With all due respect to Quentin Grimes, I can’t root for this team to do something Hakeem Olajuwon and Clyde Drexler failed to do. Does that mean I’ll never root for a Houston basketball team to win the title? I guess it does.
The Baylor reclamation project is truly astonishing and the Bears pass an important test that Houston failed. I really loved the Baylor duo of LaceDarius Dunn and Tweety Carter that lost in the 2010 Elite Eight to Duke, and I’ve been waiting for Baylor to produce a team as likeable as that one—even if it’s impossible to have a better named one.
This year’s team qualifies on the likeability scale. Baylor is also really, really good. With two more wins, they’d be 30-2 on the year, which would be the best record for a champ since 2012 Kentucky went 38-2. In a typical season, Baylor would be a perfectly fine champion.

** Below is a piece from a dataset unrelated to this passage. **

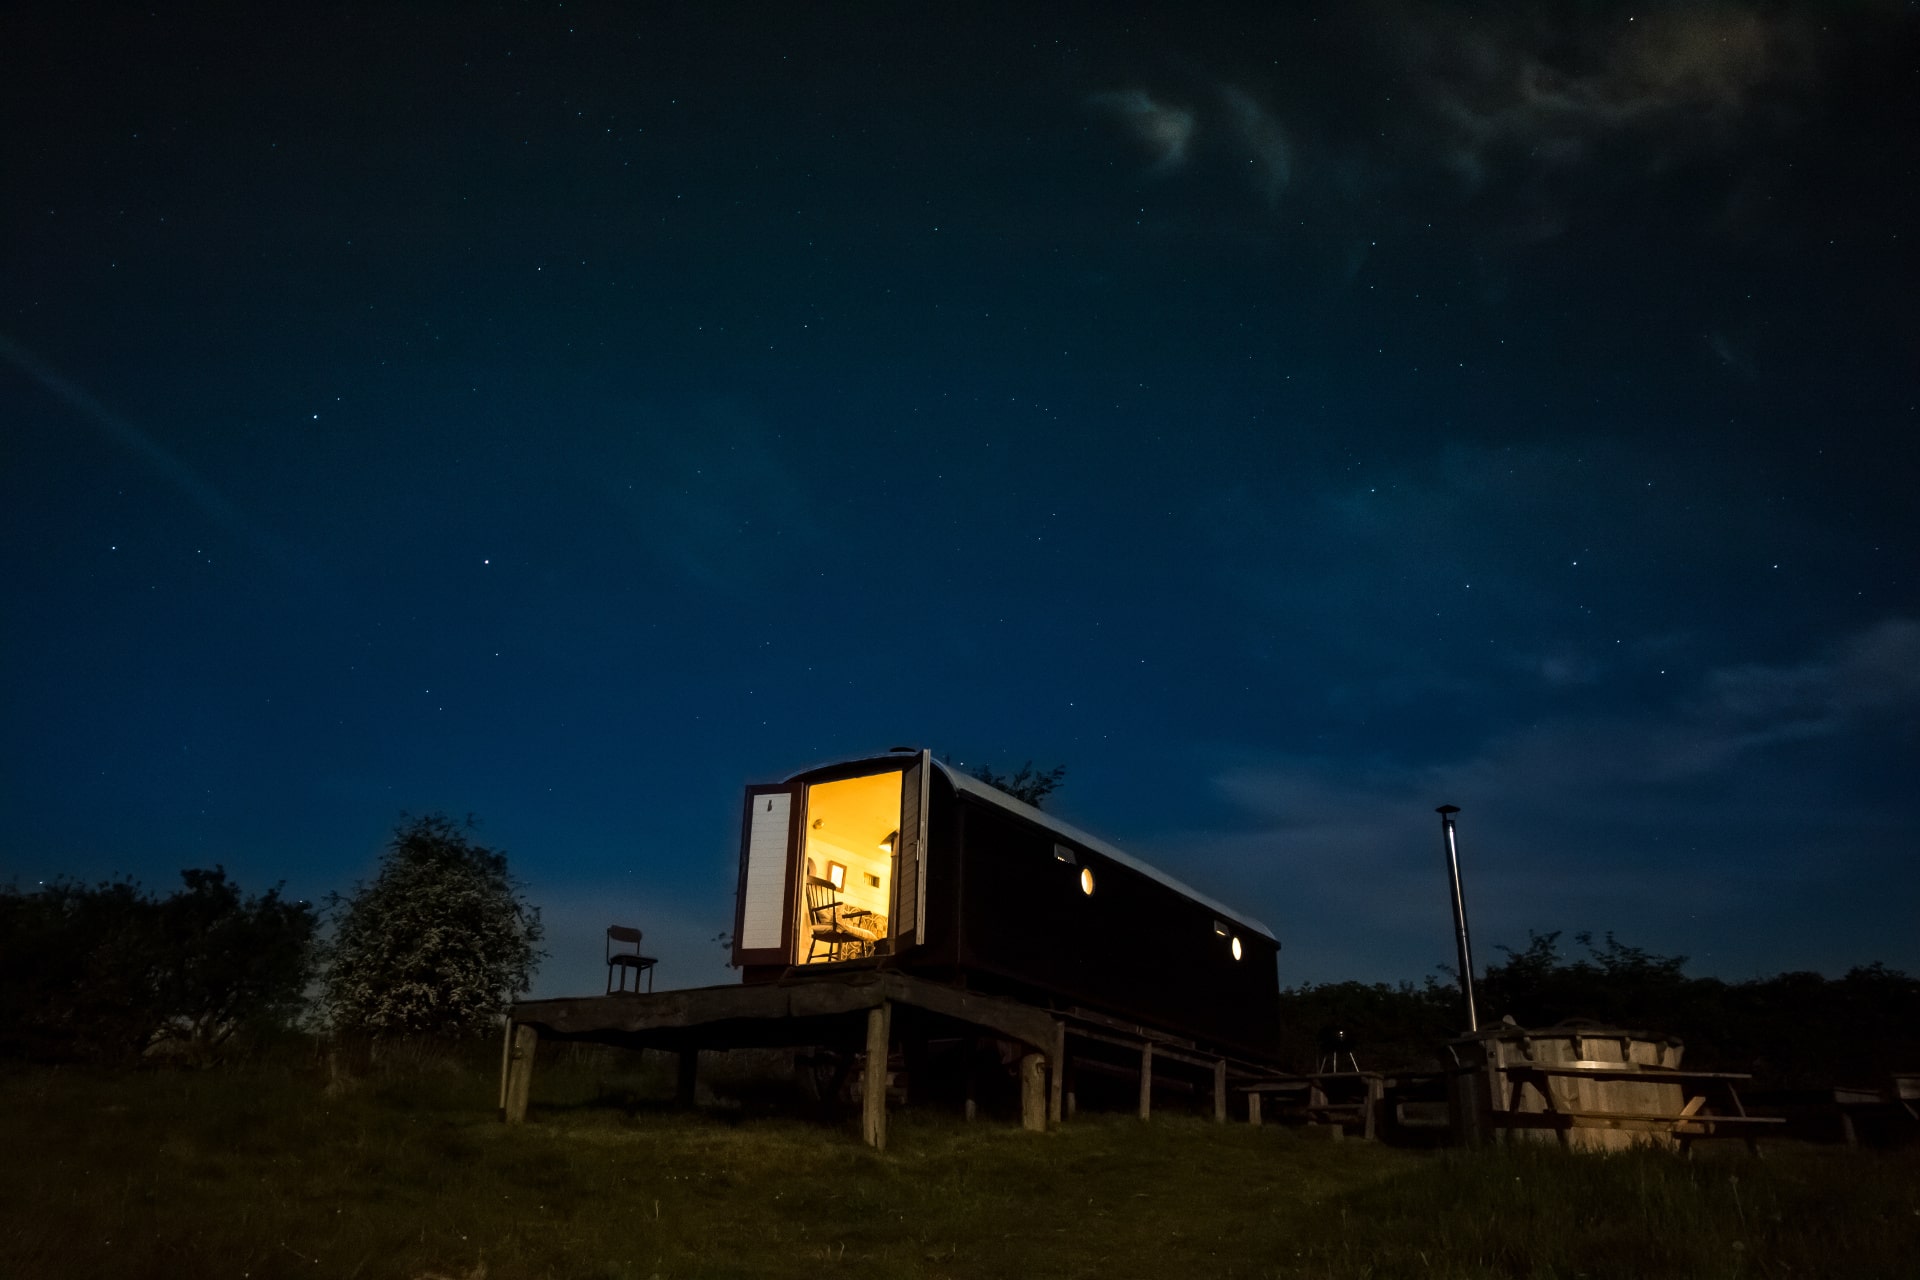 herefordshire-hideaways-stargazers-wagon-with-hot-tub-lit-up-at-night-under-a-starry-night-sky-glamping-herefordshire

But this is not a typical season.
Gonzaga is trying to be the first undefeated team in 45 years. The last two undefeated teams to make the Final Four were 1991 UNLV, which lost to Duke in the Final Four, and 2015 Kentucky, which lost to Wisconsin in the Final Four. To win two more games would be truly historic for any program.
Yet Gonzaga isn’t just any school. They’re a small Catholic school in Spokane, Washington, which plays in the West Coast Conference. When Gonzaga first truly arrived on the scene in 1999, they were the Cinderella of the Tournament.
When they beat Florida in that year’s Sweet Sixteen, Gus Johnson famously said “the slipper still fits!” That team eventually had their dream end in a hard fought loss to UConn, but for 20+ years, the Zags have kept returning to the dance each March, hoping that one of these years they’ll be the last one dancing.